Less experienced users should turn to the MintInstall software manager which is very user friendly. With this tool you can install or remove software, users can even add reviews for their favorite software. Detailed software descriptions with screenshots are also included.
The Cinnamon desktop uses the light Muffin window manager which takes advantage of GTK+ 3.0 and the Clutter libraries to provide some fantastic desktop effects.
Several window effects can be found in the Cinnamon settings manager. Users can add effects for closing windows, minimizing windows, or maximizing and unmaximizing windows. The effect itself can be changed or the time range for the effect.
I was thoroughly impressed by the vast list of themes available for the Cinnamon desktop. Many come installed by default, more can be added using the get new themes options that is offered inside the theme settings window.
The workspace switcher has also received a few updates, the new scale and expo modes are available for users that want a change. You can use expo mode to manage all of your available workspaces, or scale mode to see all of your open windows.
Many of the settings for the Cinnamon desktop and installed utilities can be found using the Gnome Settings Daemon, all settings modules can be found inside the panel menu applet.
As I mentioned briefly, the Cinnamon settings manager can also be found inside the main menu under the administration tab. This settings manager also contains several modules that can help users configure different aspects of the desktop. In general the Cinnamon settings seem preferable to the Gnome/Ubuntu equivalents.
Now for the best part of the Cinnamon project, the extensions! The Cinnamon desktop offers a huge variety of helpful extensions that will add many fun features to your user interface. Try the CinnaDock extension for a typical dock style navigation bar, or try the CoverFlow Alt-Tab extension which will let you scroll through your windows with ease. Extensions are easy to install, and new extensions are being added all the time.

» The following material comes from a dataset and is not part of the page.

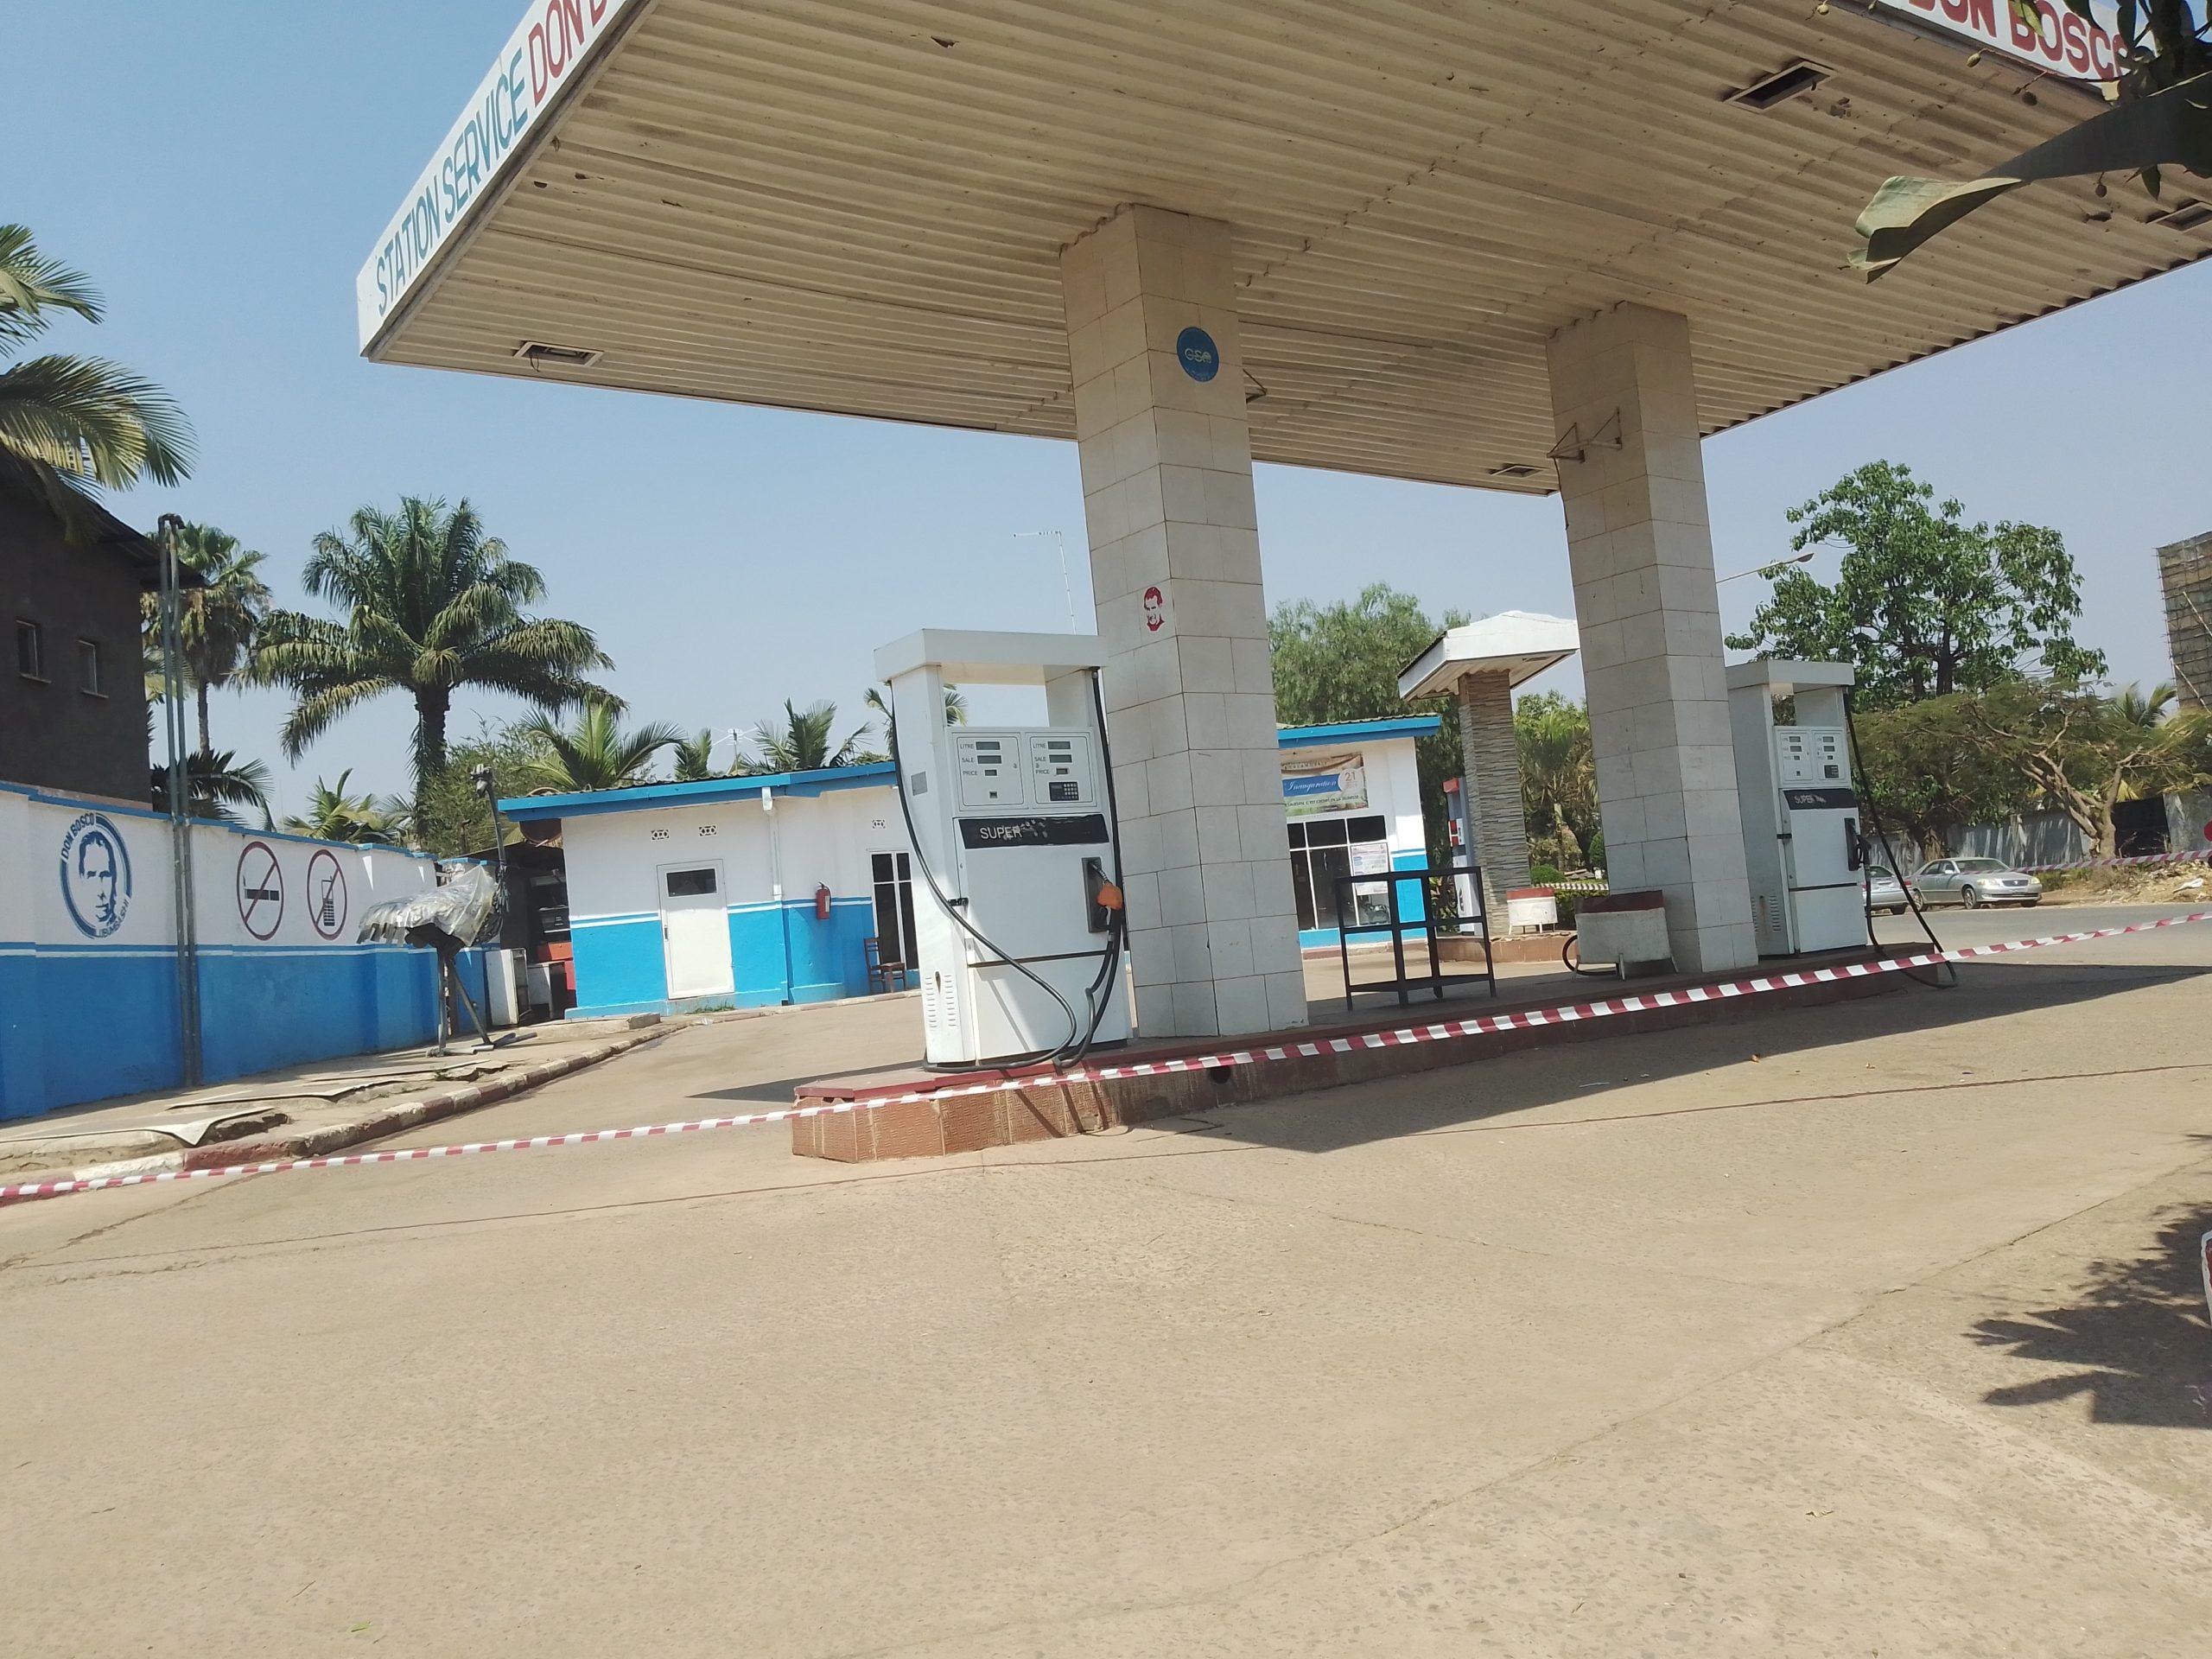 Station d'essence Don Bosco à Lubumbashi. Photo crédit : Trésor TSHILUMBA

The list of available wallpapers is really amazing, they mostly consist of high quality photography, and beautiful landscapes.
I am happy to report that the new version of Cinnamon has performed almost flawlessly despite the speedy development. There were no stability issues to speak of this time around. This surely means that there will be more great things to come in the future.
I found the interface very easy to navigate, I really love the menu and the new workspace switcher improvements. The selection of applications is really perfect for users switching from Ubuntu, or even Windows. There are many tools and applications for the every day user, both for work, or for play. Enjoy Linux Mint 13 Maya!